Bob
Batz
Read Bob's bio and previous columns
October 27, 2008
Super-Energy Just a
Breakfast Away?
I
was eating breakfast the other day when I found myself reading the
cereal box that was sitting on the table in front of me.
You see, I’m a devout reader.
Oh, sure, I read the usual things like books and magazines. But in
addition to those publications, I’m also obsessed with reading clothing
labels, matchbook covers, soup cans, cereal boxes, road signs,
gravestones and bumper stickers.
I
don’t know why I read so many things. Maybe it has something to do with
my 50-plus years in the newspaper business.

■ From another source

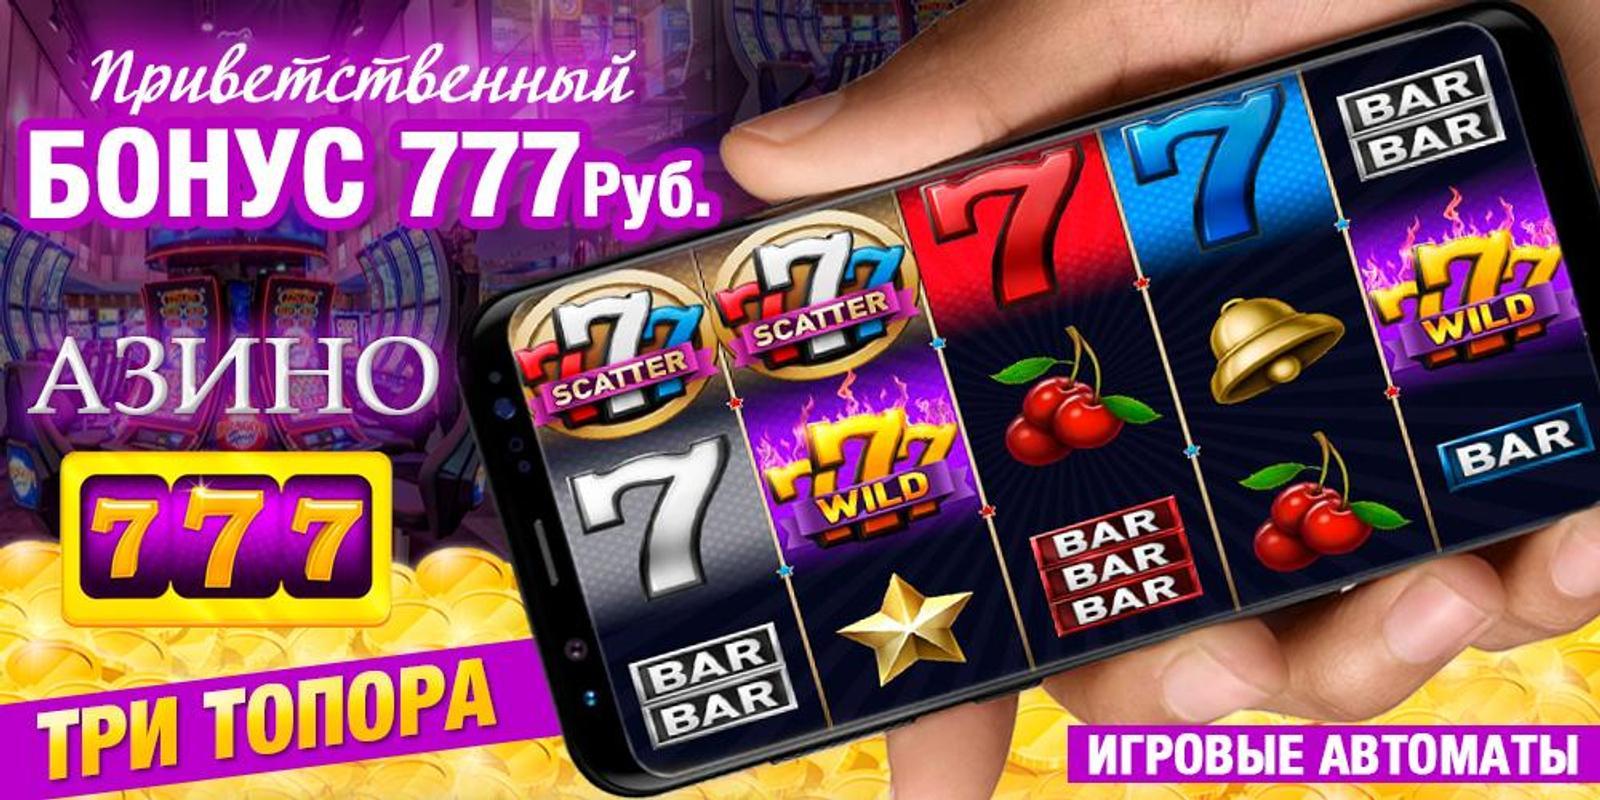 официальный сайт игровые автоматы азино 3 топора

Just in case you haven’t noticed, the plots on clothing labels, soup
cans and what-have-you usually aren’t anything to write home about, but
I read ‘em anyway.
So
there I was munching away on my breakfast at the kitchen table one
morning recently when the words on the cereal box caught my eye.
Those words – no surprise here – touted the merits of that particular
brand of cereal with a picture of a woman and a listing of the
activities she is involved in during a typical day. The message, of
course, was that this particular woman had the energy to do many, many
cool things because she ate that cereal.
What kinds of activities did this cereal box woman have planned for her
day, you ask? Well, according to the message on the box, she would
attend a baby shower, pick the kids up from school, go to a garage sale,
swap car pools with a neighbor, take Jenny (her daughter, I assume) to
the doctor, have her husband’s business partner over to dinner, attend a
noon garden club meeting and show up for a PTA meeting at 6 p.m.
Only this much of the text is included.